Fig. 7A also shows that, when a DMA command group is generated by parsing in the SGL, a memory device memory space (DRAM space) is allocated to the DMA command group. Thus, the DMA command set indicates a mapping between the host memory address space and the storage device memory address space. For read commands, DMA commands are used to move data in the storage device memory to host memory. As can be seen from FIG. 7A, the present application splits an indefinite length read command into multiple DMA command sets of fixed length (only the last DMA command set may be smaller than the fixed length value), for example, each memory command indicates 4KB of data, which may improve the convenience and the alignment of the read command processing.

FIG. 7B shows a prior art read command processing. As shown in fig. 7B, a read command X includes a host memory address and a logical address (LBA), the host memory address is expressed by SGL, and the range of logical addresses is represented as LBA: 0-16KB, read command X requires 17KB of data to be read from the memory device. Depending on the size of the physical page (e.g., 4KB), the back-end module will divide read command X into 5 DTUs, such as DTUs 0-DTU4 in 7B, when processing it. Wherein, DTU0 has LBA 0-3 KB; DTU1, the corresponding logical address is not LBA:4-7 KB; DTU2, the corresponding logical address is not LBA:8-11 KB; DTU3, the corresponding logical address has no LBA:12-15 KB; DTU4, the corresponding logical address not LBA:16 KB; that is, the first four DTUs are 4KB in size, and the last DTU is 1KB in size.

For the read command, since the storage medium includes a plurality of physical units, and the operating status of each physical unit is different, it is unpredictable which DTU will be processed first and which DTU will be processed later. For example, for a read command X, DTU2 is first processed, i.e., read from the storage medium into the storage device memory. At this time, according to the prior art scheme, the SGL needs to be traversed to determine the host memory address corresponding to DTU 2. In fig. 7B, the SGL is represented as a plurality of linked list nodes (corresponding to SGL descriptors in fig. 7A) e1, e2, e3, e4, e5, e6, e7, e8, e 9. When traversing the SGL, the storage space size of each node is calculated from e1, and since the logical address corresponding to DTU2 is 8-11KB, until e4 is calculated, it is found that e1(1KB) + e2(3KB) + e3(512B) + e4(3.5KB) ═ 8KB, so that the host memory address corresponding to DTU2 from e5 is known, and based on e5(2KB) + e6(1KB) + e7(1KB) ═ 4KB, the host memory address space corresponding to DTU2 includes the host memory address spaces indicated by nodes e5, e6 and e 7. As can be seen from fig. 7B, when the middle DTU and the later DTUs are read in a certain logical address range, complicated calculation is required to calculate the host memory address, which results in low processing efficiency of the entire read command.

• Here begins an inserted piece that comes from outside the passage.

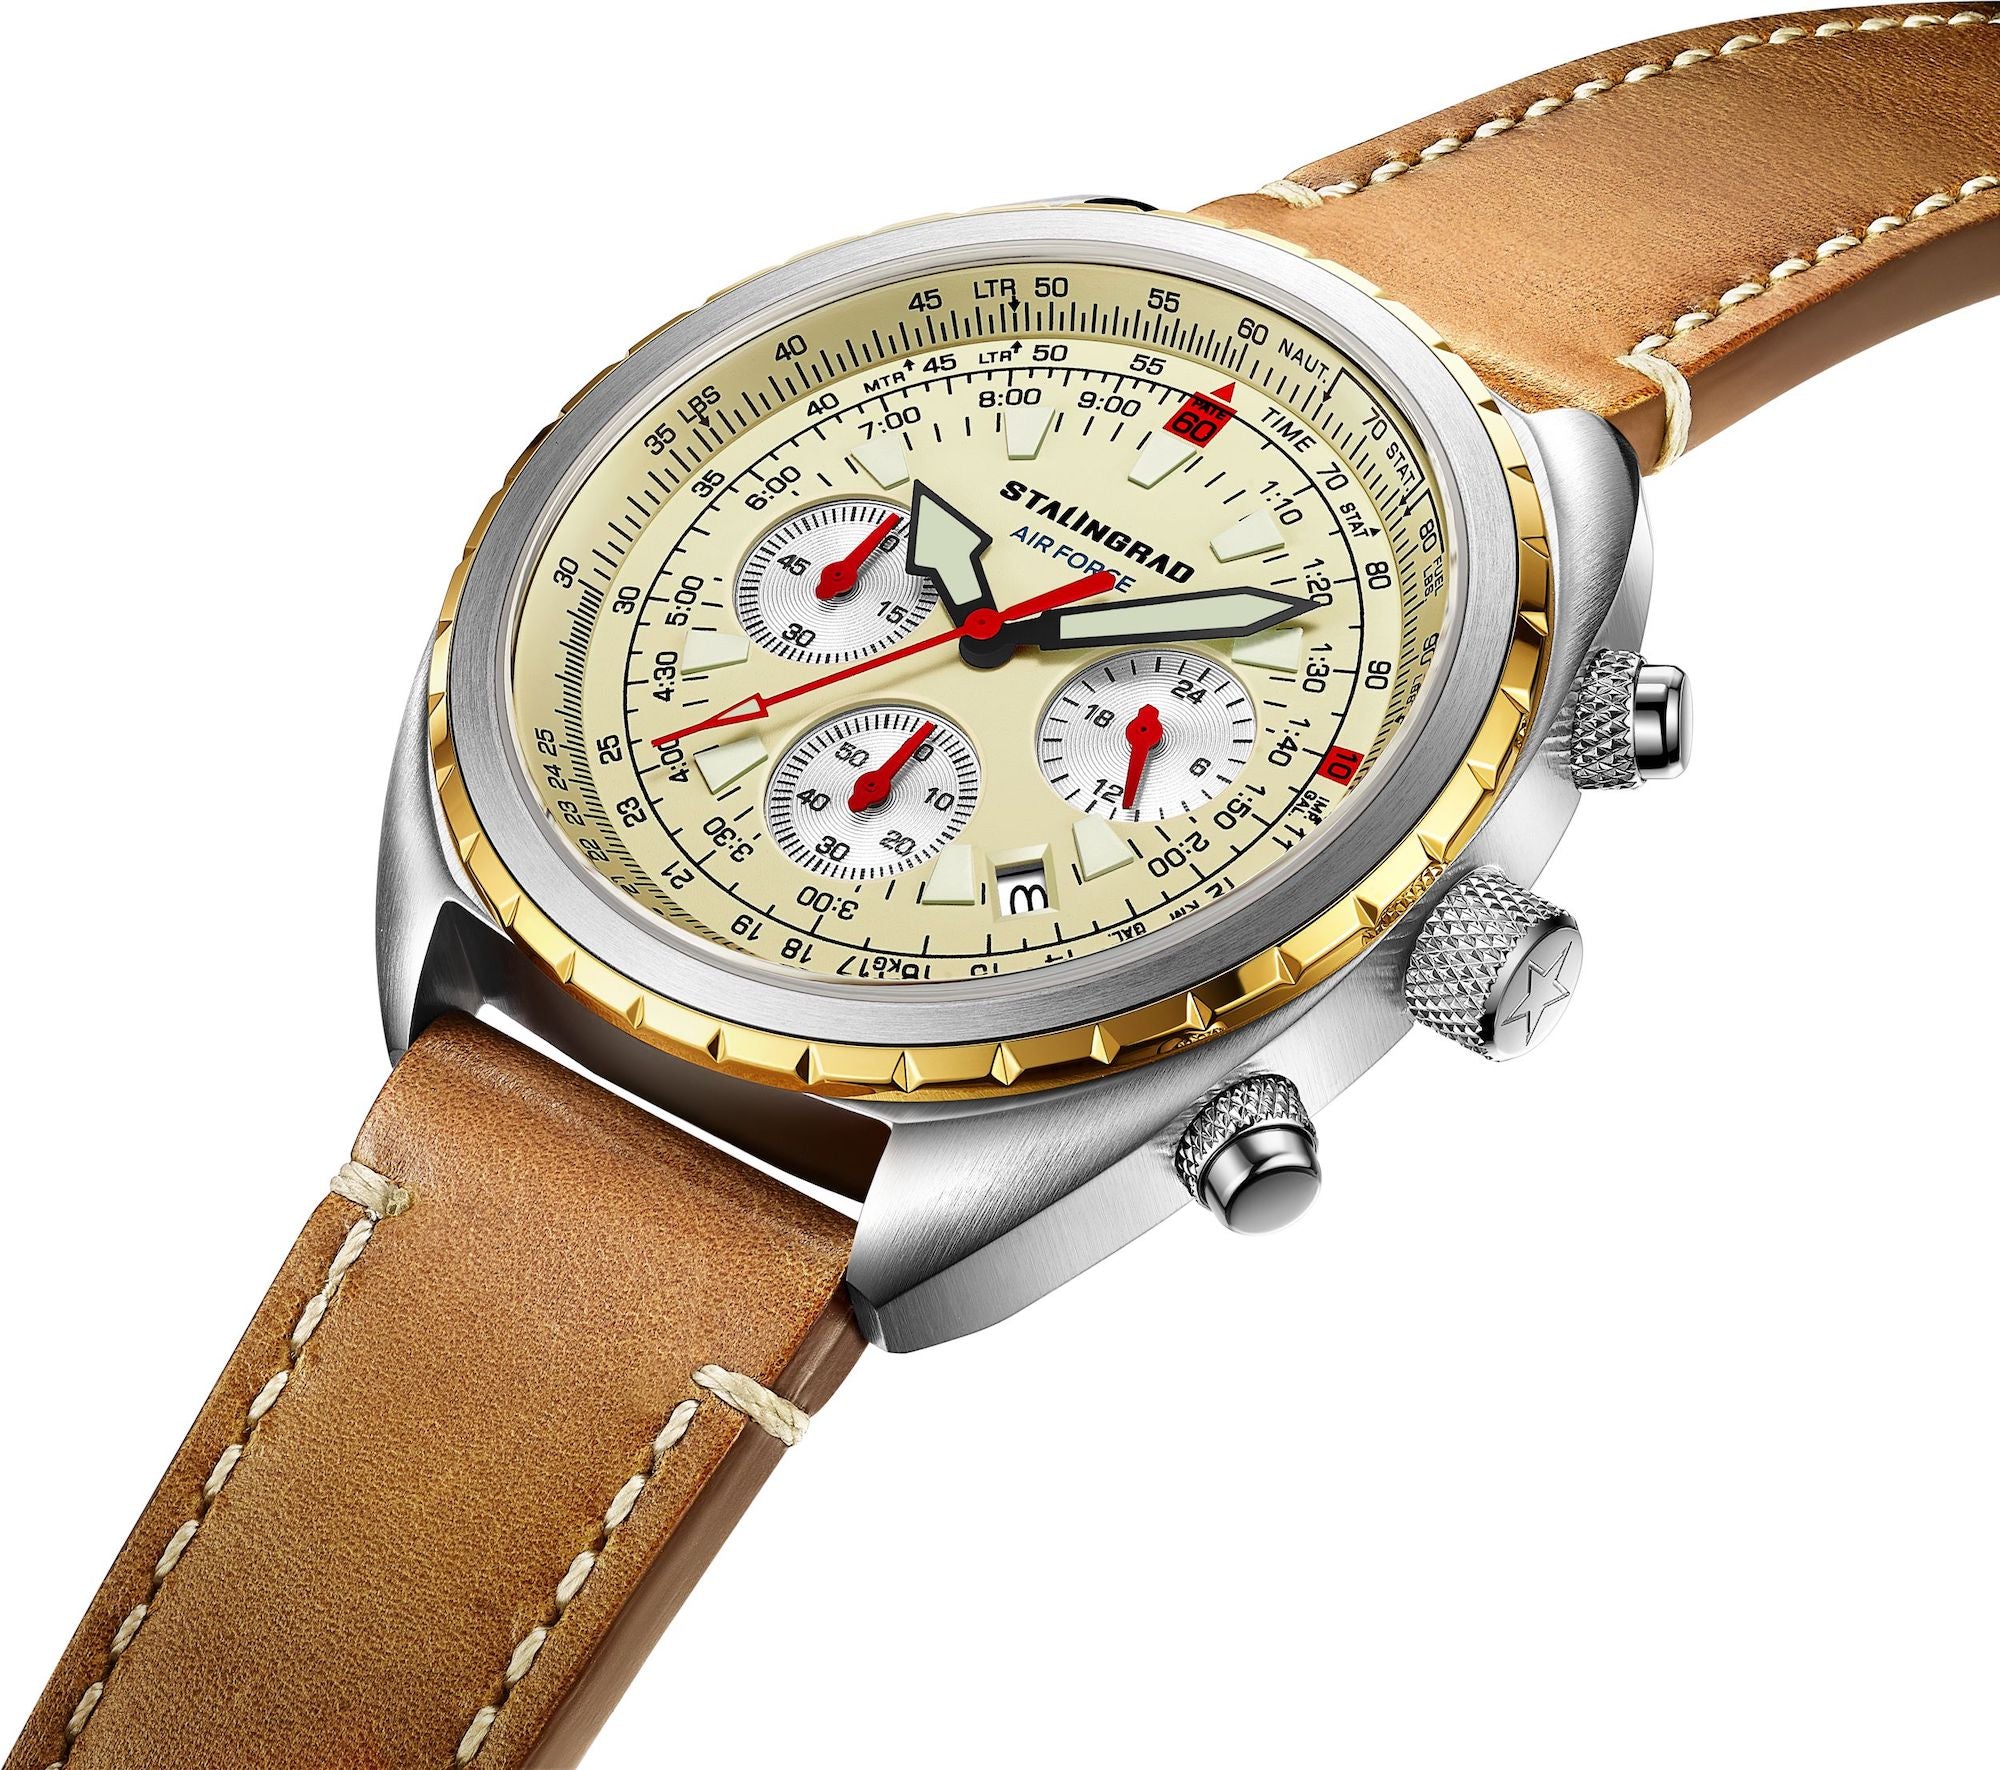 Stalingrad Novikov Chronograph Pilot Watch beige dial and brown leather strap on a white background diagonal side view

FIG. 7C illustrates the manner in which the present application processes a read command. As shown in fig. 7C, the DMA command group therein is obtained according to the SGL in fig. 7B (e.g. obtained by parsing through the SGL/PRP unit in fig. 5, the parsing process can refer to fig. 7A), i.e. five DMA command groups L0, L1, L2, L3 and L4 are obtained according to the SGL, wherein L0-L3 are 4KB and L4 is 1 KB. When the DTU2 in the read command X is first read out from the storage medium into the memory of the storage device, the read initiator circuit (as shown in fig. 5) knows that DTU2 corresponds to DMA command group L2 by simple calculation, for example: 8(DTU2 logical head address)/4 (fixed DTU size) ═ 2, sequence number L2 for the DMA command group. The data indicated by DMA command group L2 is then moved to the address spaces indicated by e5, e6, and e7 in the host memory according to the DMA commands contained in DMA command group L2. As can be seen from fig. 7C, the scheme of the present application avoids a complex calculation process, and improves the overall processing efficiency of the read command.

For example, after the SGL/PRP unit processes the first read command to generate one or more DMA command groups and stores the one or more DMA command groups in the shared memory, the read control circuit performs data migration according to the DMA command group corresponding to the first NVMe command, and the SGL/PRP unit processes the next second NVMe command and generates one or more DMA command groups, that is, the read control circuit performs data migration by executing the first NVMe command and the SGL/PRP unit processes the second NVMe command to generate the DMA command groups simultaneously.

Fig. 8 shows a parallel processing scheme of the SGL/PRP unit and the DMA transfer circuit, in which different filling background patterns are used to indicate different stages of each module. As shown in fig. 8, three read commands, i.e., a read command a, a read command b, and a read command c, are stored in the shared memory.

In one embodiment, read command a has generated DMA command group a-1, DMA command group a-2, and DMA command group a-3 prior to the current time; read command c has generated DMA command set c-1, DMA command set c-2, and DMA command set c-3; read command b has generated DMA command group b-1. Moreover, the data indicated by the DMA command group a-1, the DMA command group a-2, and the DMA command group c-1 has also been moved by the DMA transfer circuit. The data indicated by DMA command set b-1, DMA command set c-2 is waiting to be processed.

As shown in FIG. 8, at the present time, the SGL/PRP unit is processing read command b to generate DMA command group b-2 (the blank portion to the right of which indicates that more DMA command groups, e.g., DMA command group b-3, DMA command group b-4, may also be generated from read command b). At the same time, the DMA transfer circuit is moving the data indicated by the DMA command group a-3 and the DMA command group c-3. While the data indicated by DMA command set b-1, DMA command set c-2 is waiting to be processed.

Therefore, on the one hand, the generation of the DMA command group corresponding to the read command by the SGL/PRP unit and the transfer of data by the DMA transmission circuit are performed in parallel. In other words, after the SGL/PRP unit generates DMA command group a (DMA command group a-1, a-2 or a-3) according to read command a and writes the DMA command group a into the shared memory, whether DMA command group a is completely processed by the DMA transfer circuit or not, the SGL/PRP unit does not affect the reception of read command b and read command c, and continues to generate corresponding DMA command group b (DMA command group b-1, b-2 or b-3) and DMA command group c (DMA command group c-1, c-2 or c-3) according to read command b and read command c.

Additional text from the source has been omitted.